**What this task involves:** Please return only the lines from the one holding "Honeymoon Itinerary Template" through the one holding "Valentino Uomo INTENSE", exactly as they appear in the records below, both ends included.

**Records supplied:**
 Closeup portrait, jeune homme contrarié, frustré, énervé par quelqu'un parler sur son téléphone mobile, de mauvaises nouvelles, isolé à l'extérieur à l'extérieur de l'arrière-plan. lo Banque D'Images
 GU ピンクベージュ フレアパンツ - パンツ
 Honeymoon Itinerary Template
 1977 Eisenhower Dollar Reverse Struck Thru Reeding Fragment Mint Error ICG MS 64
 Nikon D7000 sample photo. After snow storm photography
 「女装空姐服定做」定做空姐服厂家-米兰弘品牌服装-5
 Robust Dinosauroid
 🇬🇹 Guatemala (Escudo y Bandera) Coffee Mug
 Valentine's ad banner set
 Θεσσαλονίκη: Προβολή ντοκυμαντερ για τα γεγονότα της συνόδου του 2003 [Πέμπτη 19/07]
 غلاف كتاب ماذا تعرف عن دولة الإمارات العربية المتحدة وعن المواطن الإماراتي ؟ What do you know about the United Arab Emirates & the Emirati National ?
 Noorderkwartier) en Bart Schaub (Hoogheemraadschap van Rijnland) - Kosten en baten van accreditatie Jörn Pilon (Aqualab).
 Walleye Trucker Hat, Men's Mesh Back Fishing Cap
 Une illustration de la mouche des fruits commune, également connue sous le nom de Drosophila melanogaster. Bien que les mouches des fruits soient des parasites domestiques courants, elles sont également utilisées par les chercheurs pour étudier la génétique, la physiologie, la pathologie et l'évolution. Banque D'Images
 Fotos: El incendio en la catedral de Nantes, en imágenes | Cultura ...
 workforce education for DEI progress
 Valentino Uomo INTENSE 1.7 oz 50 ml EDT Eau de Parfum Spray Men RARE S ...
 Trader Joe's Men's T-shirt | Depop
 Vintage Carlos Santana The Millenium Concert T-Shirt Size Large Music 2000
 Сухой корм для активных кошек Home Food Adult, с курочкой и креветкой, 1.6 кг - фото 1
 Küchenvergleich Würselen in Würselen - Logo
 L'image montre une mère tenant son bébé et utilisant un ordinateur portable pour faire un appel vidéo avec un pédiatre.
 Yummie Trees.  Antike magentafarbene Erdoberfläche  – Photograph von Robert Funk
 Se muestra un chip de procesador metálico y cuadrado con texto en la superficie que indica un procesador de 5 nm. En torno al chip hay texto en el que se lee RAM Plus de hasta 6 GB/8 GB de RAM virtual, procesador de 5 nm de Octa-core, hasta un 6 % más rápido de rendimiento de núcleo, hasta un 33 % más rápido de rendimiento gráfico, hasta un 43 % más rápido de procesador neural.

**The completed task:**
 Honeymoon Itinerary Template
 1977 Eisenhower Dollar Reverse Struck Thru Reeding Fragment Mint Error ICG MS 64
 Nikon D7000 sample photo. After snow storm photography
 「女装空姐服定做」定做空姐服厂家-米兰弘品牌服装-5
 Robust Dinosauroid
 🇬🇹 Guatemala (Escudo y Bandera) Coffee Mug
 Valentine's ad banner set
 Θεσσαλονίκη: Προβολή ντοκυμαντερ για τα γεγονότα της συνόδου του 2003 [Πέμπτη 19/07]
 غلاف كتاب ماذا تعرف عن دولة الإمارات العربية المتحدة وعن المواطن الإماراتي ؟ What do you know about the United Arab Emirates & the Emirati National ?
 Noorderkwartier) en Bart Schaub (Hoogheemraadschap van Rijnland) - Kosten en baten van accreditatie Jörn Pilon (Aqualab).
 Walleye Trucker Hat, Men's Mesh Back Fishing Cap
 Une illustration de la mouche des fruits commune, également connue sous le nom de Drosophila melanogaster. Bien que les mouches des fruits soient des parasites domestiques courants, elles sont également utilisées par les chercheurs pour étudier la génétique, la physiologie, la pathologie et l'évolution. Banque D'Images
 Fotos: El incendio en la catedral de Nantes, en imágenes | Cultura ...
 workforce education for DEI progress
 Valentino Uomo INTENSE 1.7 oz 50 ml EDT Eau de Parfum Spray Men RARE S ...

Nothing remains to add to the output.